1. What We Want to Do

We want to redesign how AI-enabled organisations invest in people — not restore what came before. The traditional apprentice-to-expert pipeline was not only broken by AI; it was never equitable to begin with. It reliably served those who already had access to the right mentors, and systematically excluded a range of professionals. We are not trying to rebuild that.

What we want instead are structured partnerships of mutual investment — deliberately designed to be equitable — that pair experienced practitioners (who hold governance instinct, strategic judgement, and hard-won domain wisdom) with early-career practitioners (who bring technical fluency, rapid tool navigation, and AI agility). This means redesigning professional learning pathways around joint problem-solving and critical oversight rather than isolated execution — and crucially, redesigning the conditions under which experienced people work so that developing the next generation is a protected part of their role, not an afterthought. We also want to partner with community and youth mentoring organisations to equip people from all backgrounds with the digital and moral agency required to navigate a highly automated economy.

2. Why

The rapid automation of entry-level "scaffolding" work (formatting data, writing basic code, drafting templates, organising files) has broken the traditional apprentice-to-expert pipeline. Historically, early-career practitioners learned their craft by performing these basic tasks under the watchful eye of experienced colleagues, gradually building a robust knowledge trunk — understanding how a domain works, where its limits lie, and why specific decisions are made.

When these foundational tasks are instantly offloaded to AI, early-career practitioners lose their training ground. They risk being locked out of the expertise ladder — unable to verify whether an AI output is clinically or technically sound because they have never done the manual work that builds deep intuition.

But the problem is not only about early-career practitioners.
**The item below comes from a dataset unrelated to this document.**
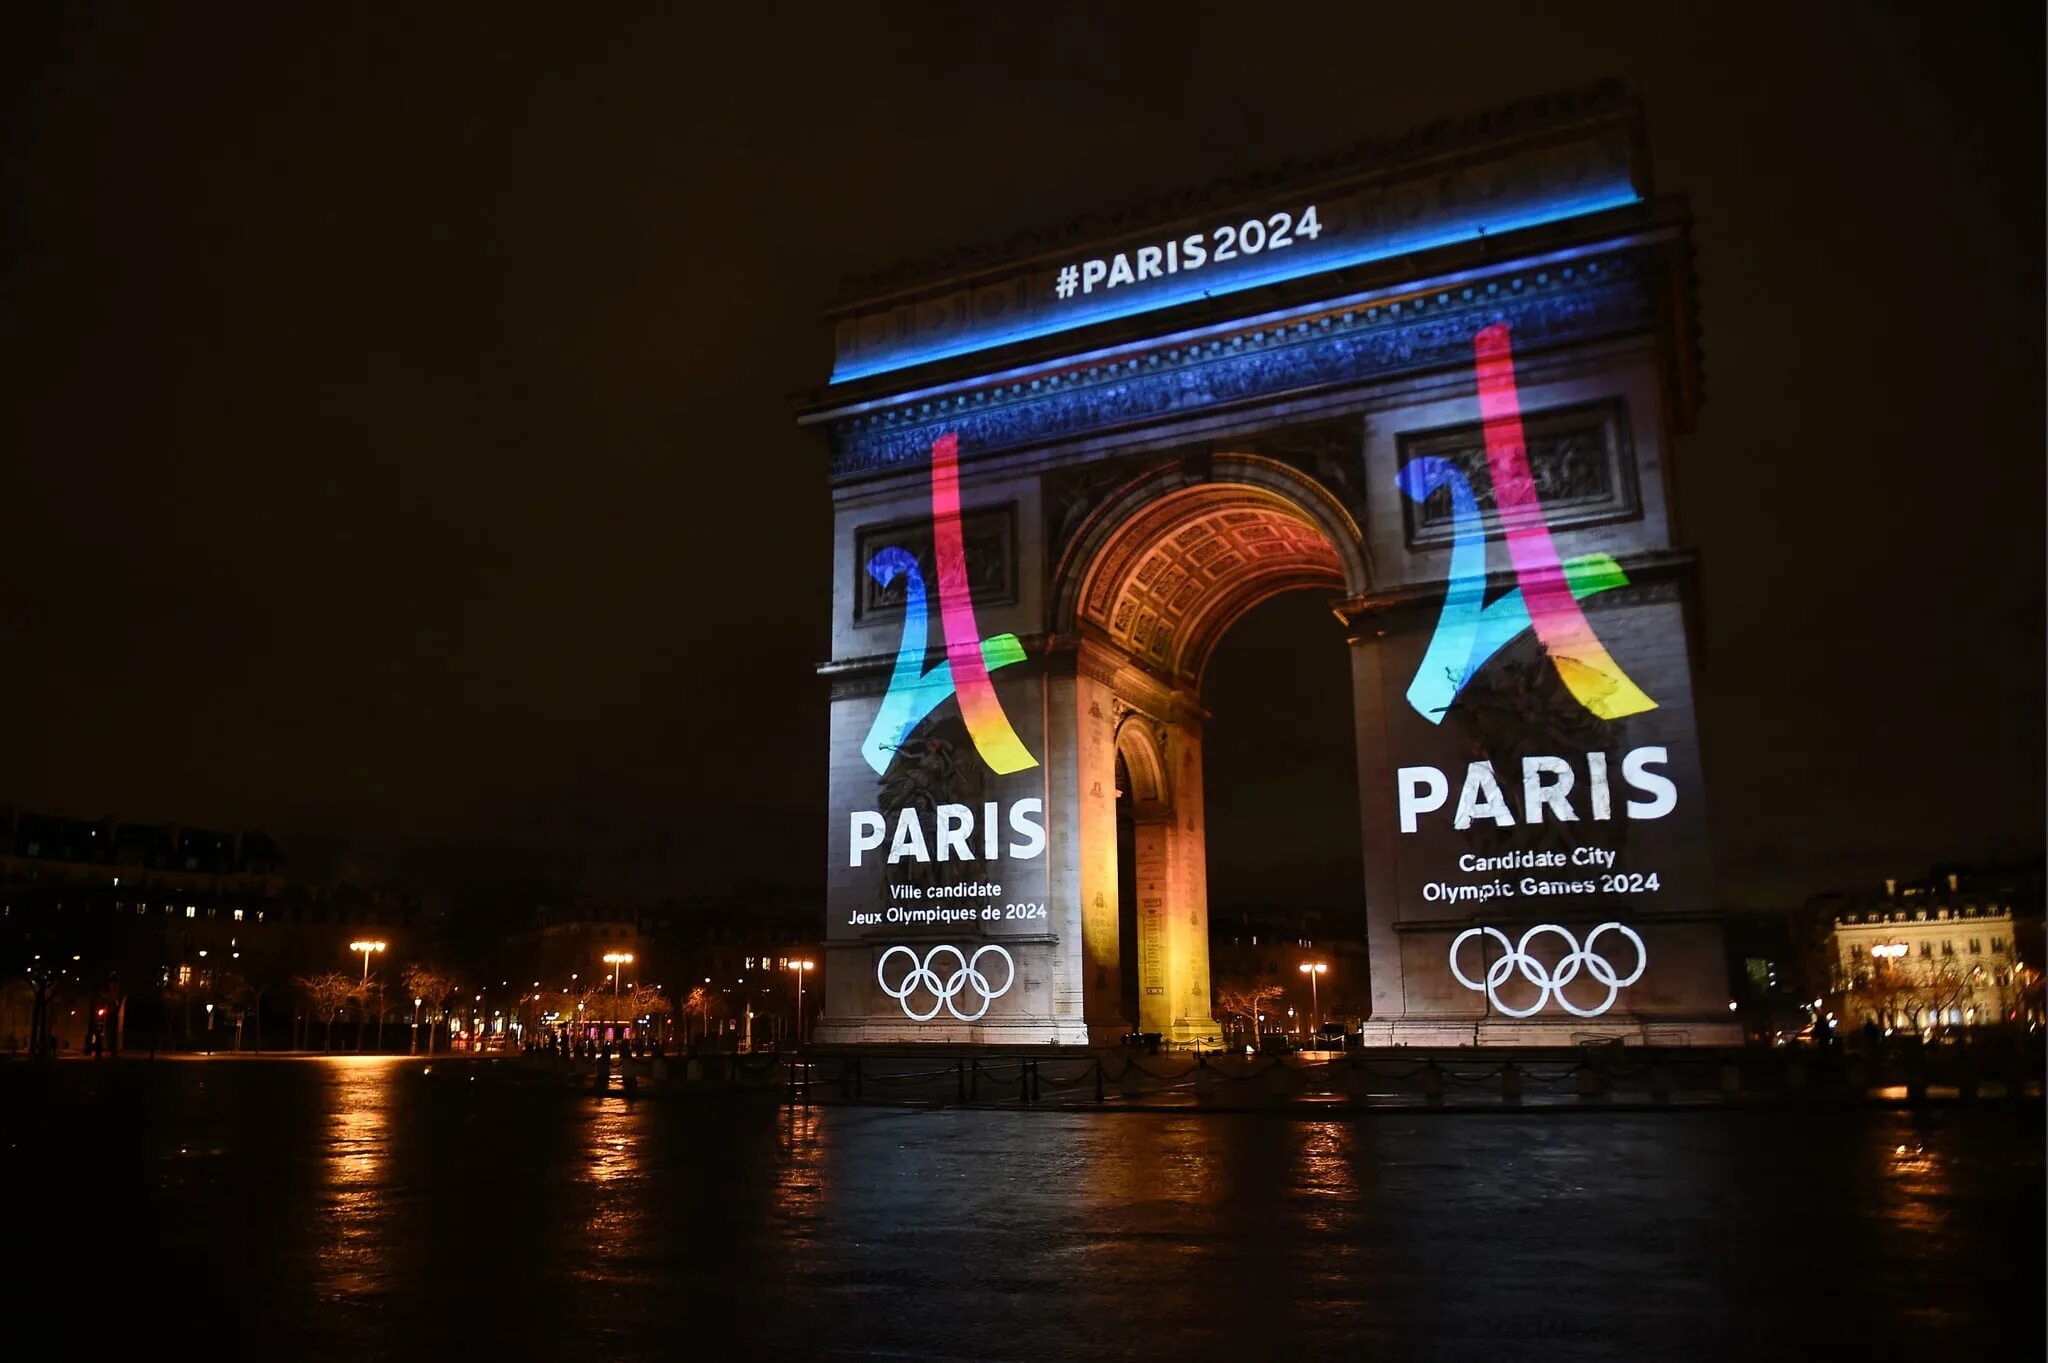 Since 2024. Олимпийские игры в Париже 2024. Олимпийских игр–2024 в Париже лого. Париж 2024 логотип.

Experienced practitioners are already stretched beyond their bandwidth. They carry the governance load, the oversight burden, and the strategic weight of their organisations — with little structural time or incentive to invest in anyone else's development. The system asks them to be excellent individual contributors and develop the next generation and adopt new tools. They cannot do all three. Without deliberate intervention, inter-generational knowledge transfer becomes the first casualty — not because experienced practitioners don't care, but because the conditions for it no longer exist.

3. So That the Following Good Things Happen

  • Active Apprenticeship: Early-career professionals learn to apply seasoned judgement to AI-generated drafts, accelerating their transition from executors to critical decision-makers — in an environment designed to be open to them, not gatekept by it.
  • Multiplied Experienced Capacity: Experienced practitioners are freed from routine drafting and manual data compilation, and given protected time to scale their influence and develop others — without burning out.
  • Generational Synthesis: Organisations leverage a powerful dual-engine: the younger generation's native tool agility and the older generation's deep, hard-won contextual wisdom.
  • Democratised Agency: Challenged youth gain direct pathways to technical and ethical competence, bypassing traditional factory-era credential-ism and building independent agency.

4. And the Following Bad Things Don't Happen

  • Expertise Collapse: We don't automate away the bottom rung of the career ladder, creating a catastrophic gap in experienced leadership and domain expertise with no pipeline to replace it.
  • Ungoverned Execution: We don't have early-career developers or clinicians running AI tools in a vacuum without experienced oversight, introducing invisible errors into critical clinical, software, or structural environments.
  • The Screen Obsession Trap: We don't let young people slide into the "rabbit hole" of obsessive screen-based tweaking, keeping them connected to mentors, family, and physical community.
  • Siloed Knowledge Monopolies: We don't allow hard-won expert judgment to become a scarce, aging luxury concentrated in a small group of overloaded practitioners, leaving the rest of the workforce as passive consumers of automated interfaces with no path to depth.